Gear Gauntlet Review

Gear Gauntlet - Nintendo Wii U Review

I have never had so much difficulty with a game before. Nor have I ever wanted to throw my controller more than when playing this game. Everything about this game just feel so wrong on the Wii U. The controller just doesn’t feel responsive. You seem to have to make moves way before you want to. Gear Gauntlet moves really fast for a game on this console. With sticky feeling controls it’s just a little too fast. It makes it really hard to enjoy the game. And if you are like me, you don’t limit your self to one console. Xbox is my favorite poison and the game implements the colors on a Xbox controller. Which just adds to the wrongness of this game.

In Gear Gauntlet you control a spinning cog that has to move as fast as possible, collecting other cogs and moving through colored path blockers. There seem to be three different cogs. A bronze, silver, and gold. The points get better as the closer to gold you get. I seemed to have notice that if you go for gold cogs more it does get way harder. There is an attempts counter at the top of the screen. Yay! You can see how many times you have had to restart the level you are on! And of course, you get to see your score for the level as well as how much time you have spent on the level.

Gear Gauntlet - Nintendo Wii U Review

At the end of a level you get a final grade. While most of mine were F’s I had a few B’s and at the end of one level an A. I started looking at the actual breakdown for the grade, it doesn’t seem to make sense. On one of the levels I got a B on, I didn’t do good at collecting points, my timing was horrible and I had so many deaths. On one I had failed I had made the time, collected hardly any points and died once. I can’t tell if the game wants to reward you for less attempts or more points or better time. It makes no sense to me, which just added to my aggravation. I know I’m not the most patient person but, come on game. At least make your scoring make sense.

Something else I didn’t seem to like was the tutorial level. It showed you things that, after completing several levels, I have yet to see.
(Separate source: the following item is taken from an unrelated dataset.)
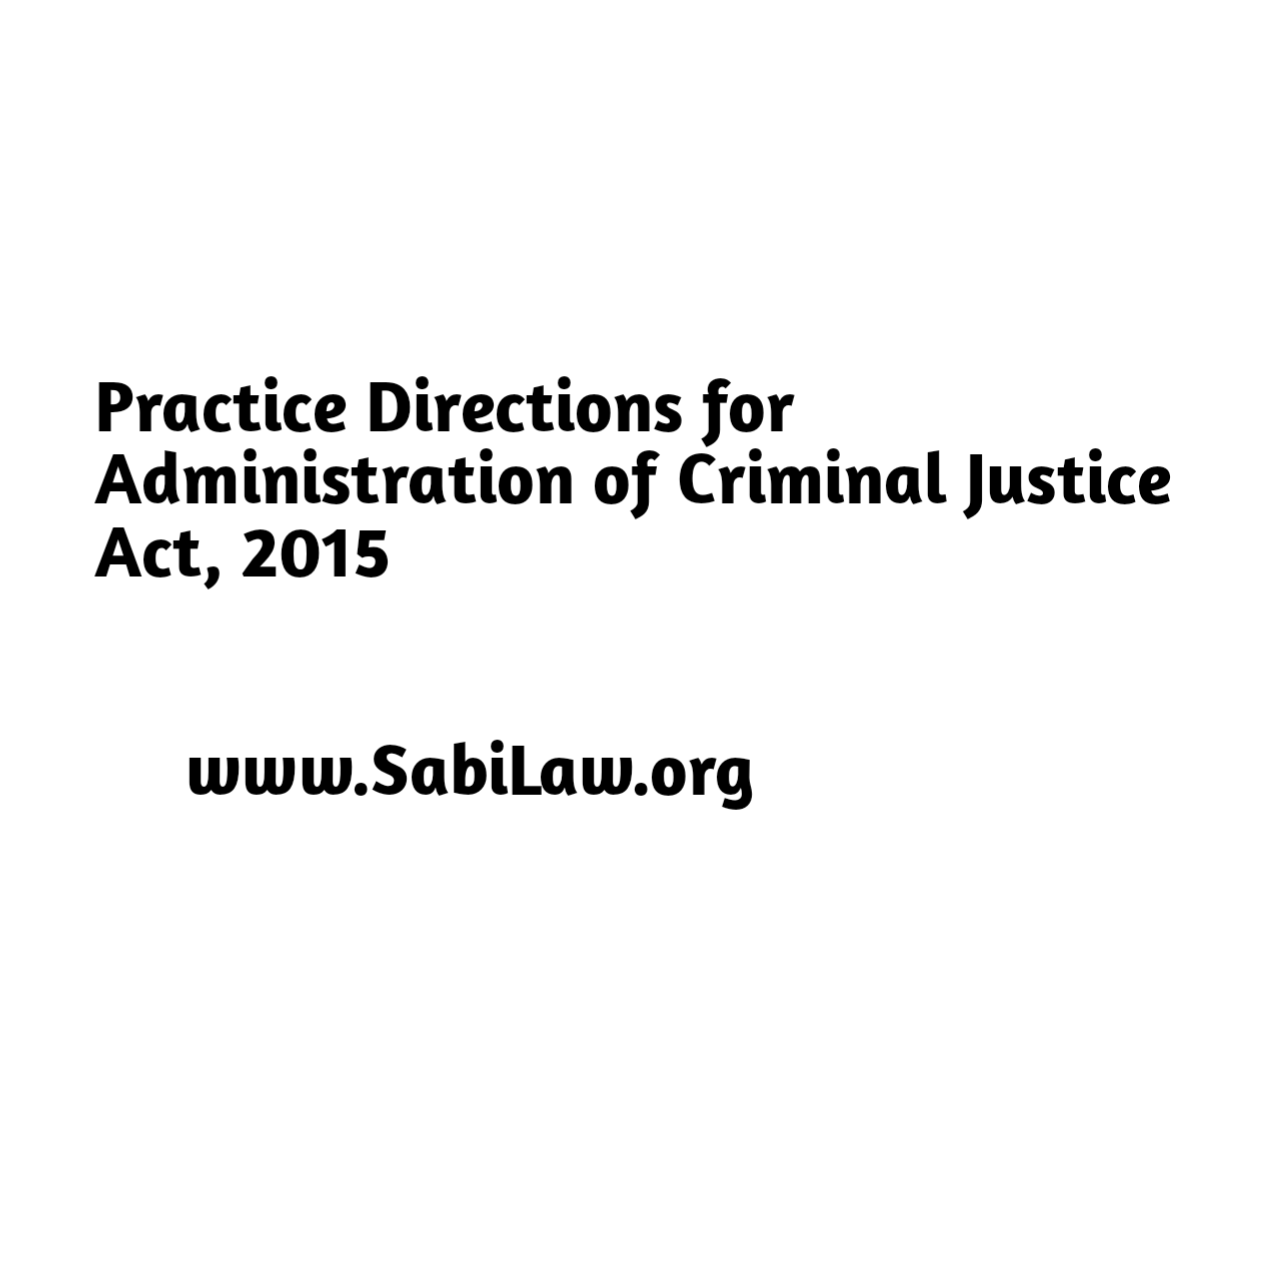 Click to download the Practice Directions for Administration of Criminal Justice Act, 2015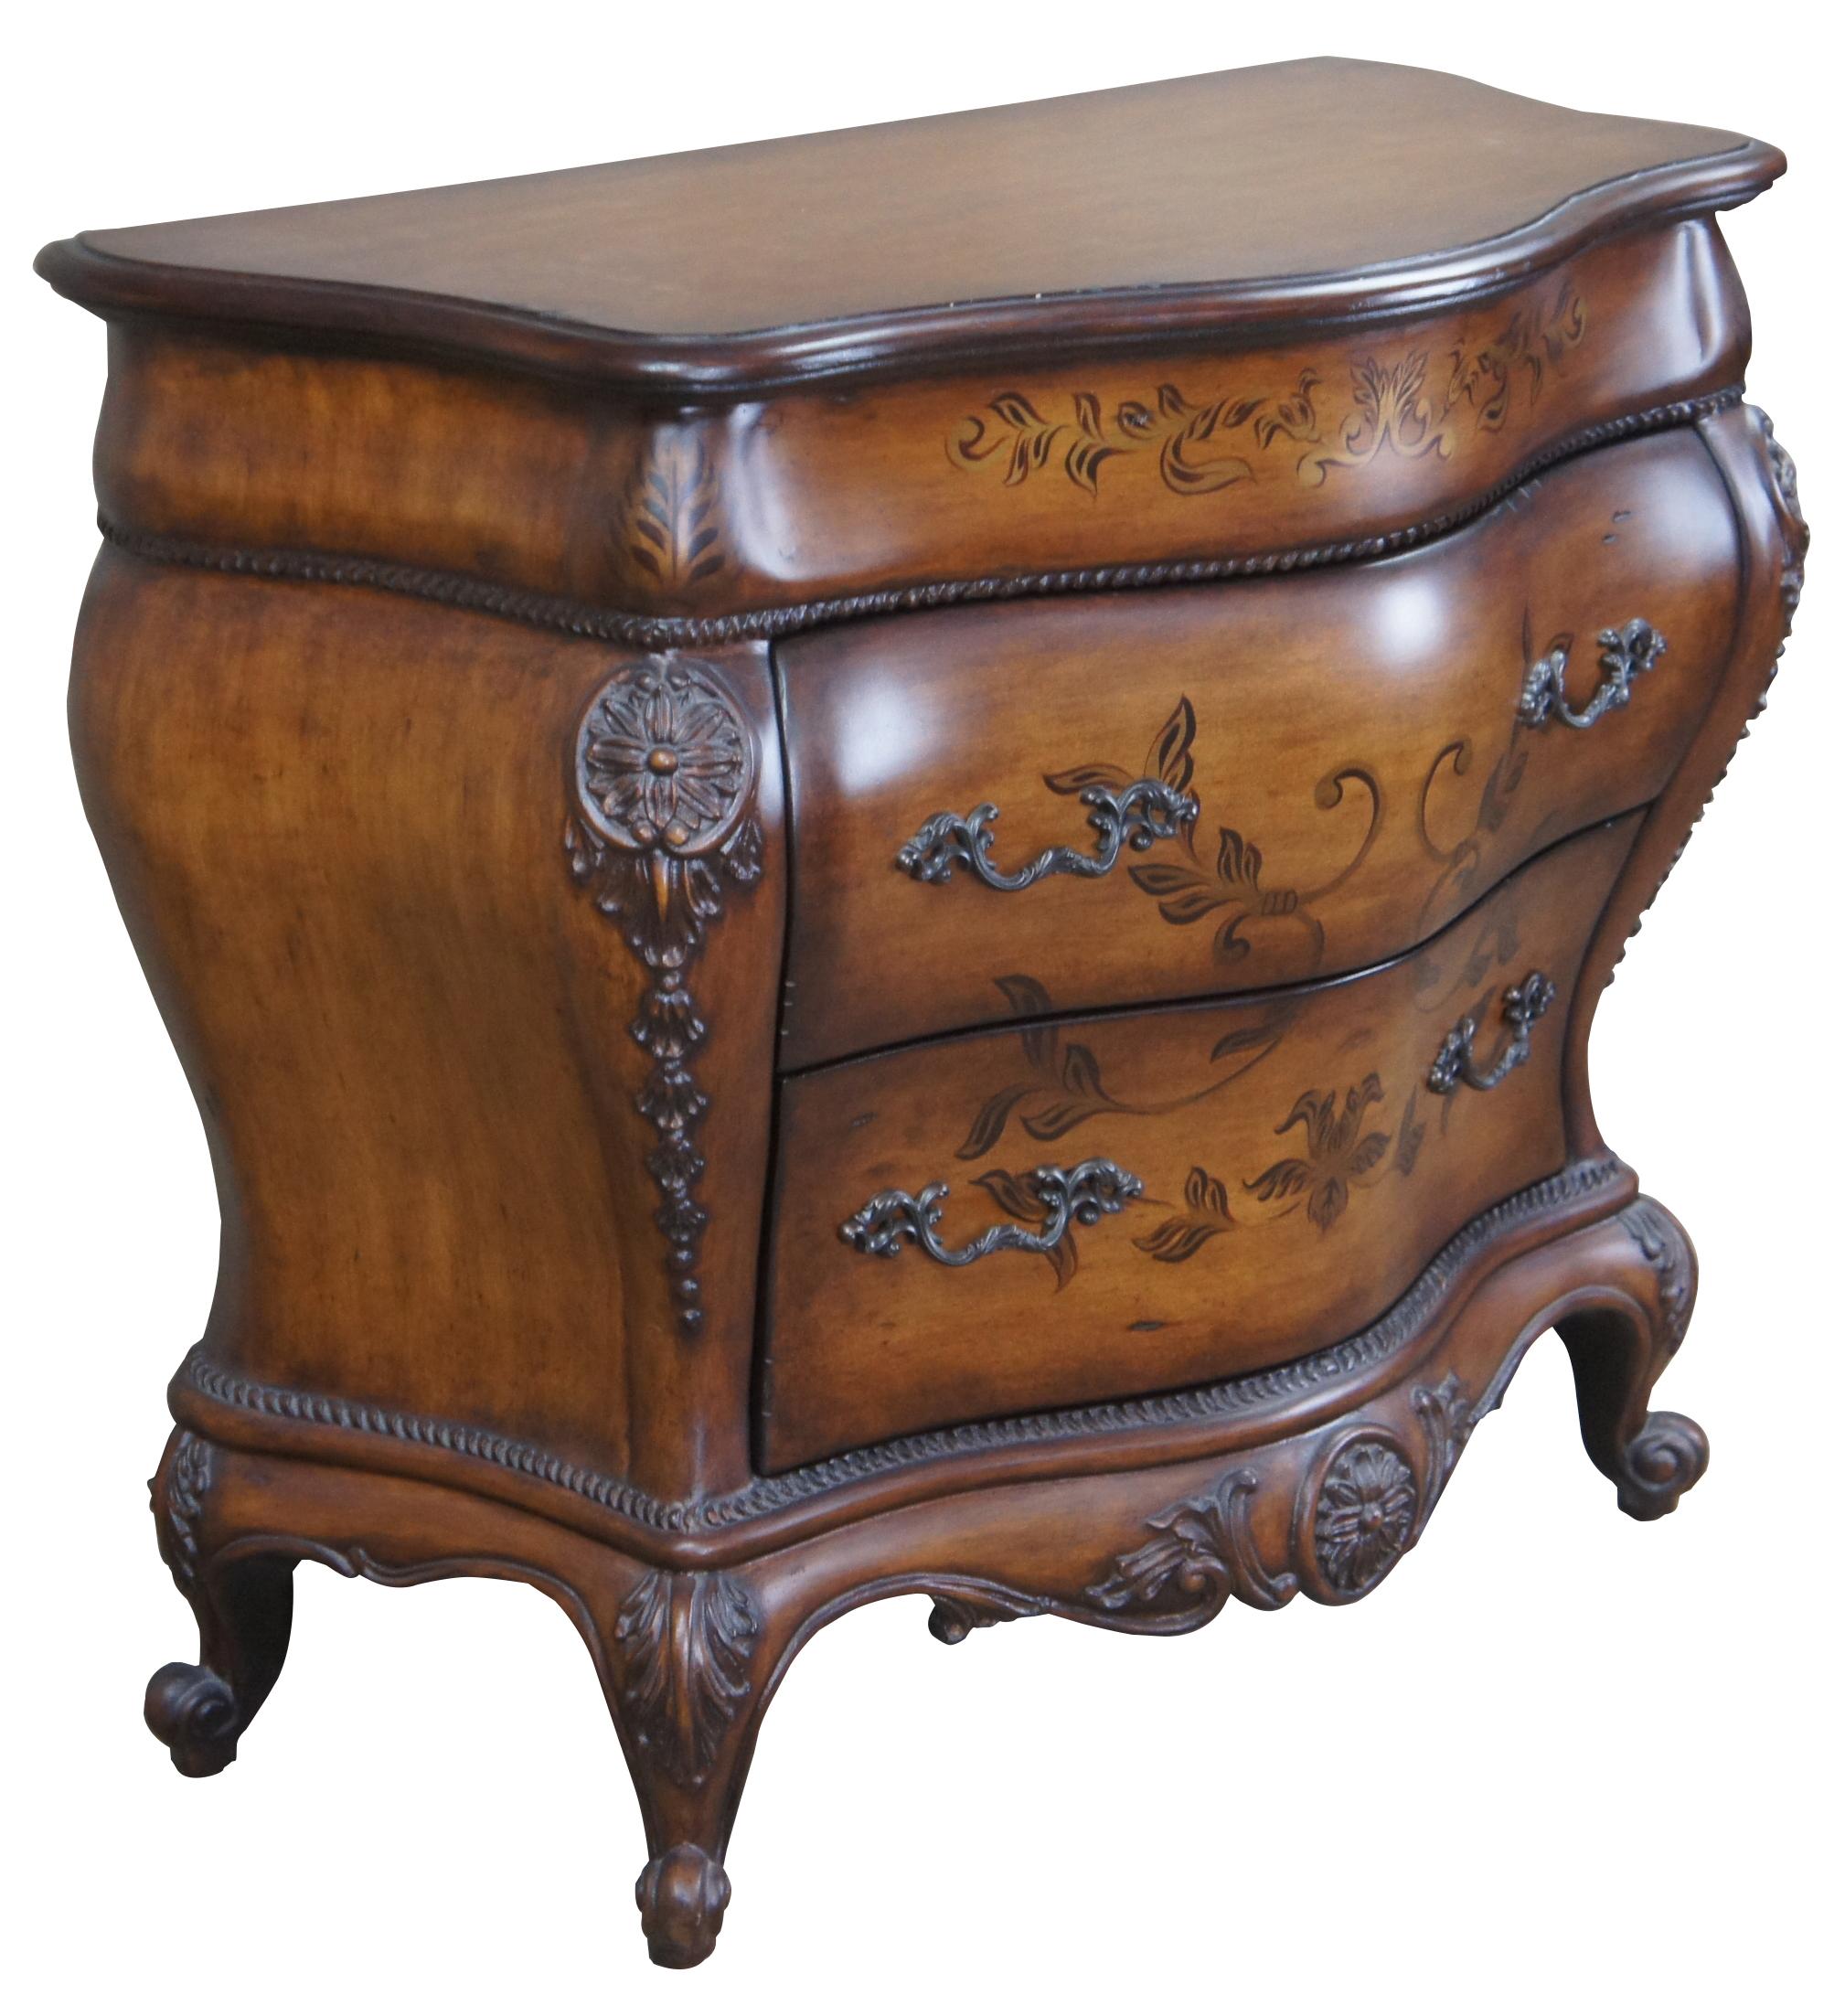 Pulaski Furniture late 20th century serpentine bombe chest. Italian revival with a walnut and Florentine painted finish. Features carved folitate and acanthus accents over cabriole legs and scrolled feet. Marked with tag along back side.
 

In the tutorial level it shows you blocks that will change the direction of the screen, and it shows you checkpoint blocks. I have only seen one checkpoint block outside of the tutorial. The tutorial level also shows you the “enemies” in the game, the saw blade things. Now, I felt here the tutorial was a bit misleading. While learning the ropes I came across the saw blades. I ran into them a few times and my screen glowed red and a message box popped up saying that these cause a ton of damage and I should try to avoid them. Well guess what, the saw blades are instant death.

Gear Gauntlet - Nintendo Wii U Review

Earlier I mentioned the colors of the Xbox controller. In the game there are blocks that block your path. There are four different colors. Blue, yellow, green, red. When you come across the colored blocks you need to hold the button that corresponds with the block. So blue is Y, yellow is X, green is B, and red is A. Not a big deal right? Well if you play more than one console this can get confusing. I found myself going wait, that can’t be the right button, A is green, not red. Then you would fall behind because your slowly forgetting the Wii buttons and starting to think about Xbox controls.

Honestly, this game just wasn’t for me. It didn’t stand out as a fun and great Wii U game. It was more of a frustration and rage maker. I feel like this game does not belong on Wii U. It’s again, too fast paced for sticky controls and perfect timing moves with saw blades that kill you in one hit and no checkpoints on top of that. The music was pretty metal though. Really brought out my inner rage I had been feeling from this game.